4. Protect and guard this commitment. Others will try to lure you away (that crucial client meeting…the latest staff crisis…family and friends), interrupt you, to make their needs more important. Don’t take the bait. Make your commitment to this investment more important. Julia Cameron shows us how to keep from being “blocked by falling in with other people’s plans for us,” in The Artist’s Way.

5. Use a timer. Okay, I know this sounds anal…but it works. I learned this from my friend, Susan Rose, whose book, ‘Bourbon? Babes, comes out this fall. Now I’m addicted. Instead of stressing about the time I don’t have, I simply set a timer and do the work. When the alarm goes off, I stop. It’s very freeing, since I don’t have to decide when to stop – the alarm decides for me. Try this every morning for a week and see how much you accomplish.

6. Show up and see what happens. Carving out the time to work on marketing is half the battle. The other half is being open to what you come up with during the time you’ve set aside. The best ideas will come to you if you don’t pre-judge your efforts. Why put that kind of pressure on yourself?

7. Be gentle with yourself. Remember lousy first drafts? Again, go easy. Take a page from The Artist’s Way, where Julia Cameron encourages us to “go gently and slowly…no high jumping, please! Mistakes are necessary. Stumbles are normal. Progress, not perfection is what we should be asking of ourselves.”

8. On the other hand, no whining. In his Little Red Book of Selling, Jeffrey Gitomer gives us a tough love message that, when in doubt, give yourself a swift kick in the rear (his words are less delicate, but you get the idea). His main advice: no whining and kick your own a--!

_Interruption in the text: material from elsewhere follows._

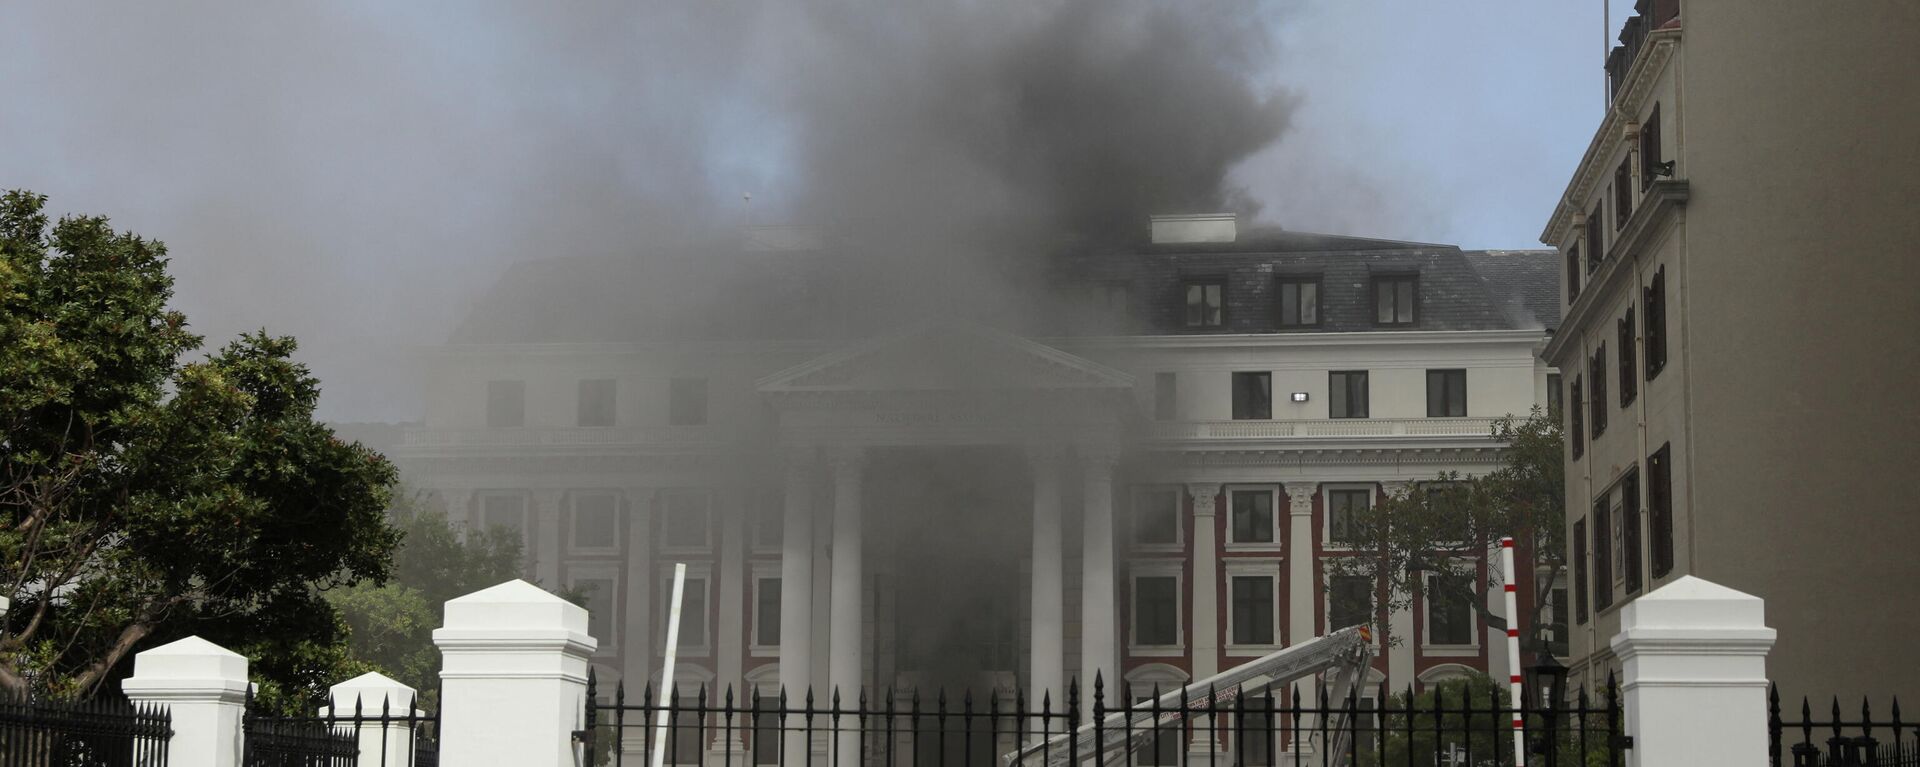 Los bomberos combaten el incendio ocurrido en el Parlamento de Sudáfrica, el 2 de enero de 2022 - Sputnik Mundo, 1920, 02.01.2022

9. Don’t go it alone. Yes, you have to carve out the time, show up, and stop whining. But you don’t have to go it alone. Create a system of support. Schedule a weekly check-in meeting with someone. Subscribe to marketing e-newsletters and online groups. Start a Marketing Book Club and meet monthly to share ideas. Join one of my Marketing Action Groups, Online Discussion Forums, Marketing BootCamps or Advanced TeleClinics. Get marketing coaching. The best athletes, performers and executives have ongoing support…why not you?

Getting started is the hardest part. I promise you, that once you carve out the time and just start, you’ll notice progress. And that progress – however small – will act as a magnet. It will attract you to the work of being a marketer, in ways that you can’t imagine now.

To Julia Cameron’s point (she uses the word ‘artist’ where I use ‘marketer’)

“Remember, that in order to recover as a marketer, you must first be willing to be a bad marketer. Give yourself permission to be a beginner. By being willing to be a bad marketer, you have a chance to be a marketer, and perhaps, over time, a very good one.”

References

Cameron, J. (1992, 2002). The Artist’s Way: A Spiritual Path to Higher Creativity. New York: Tarcher Penguin.

Gitomer, J. (2004). The Little Red Book of Selling. Austin: Bard Press.

Lamott, A. (1994). Bird by Bird: Some Instructions on Writing and Life. New York: Anchor Books.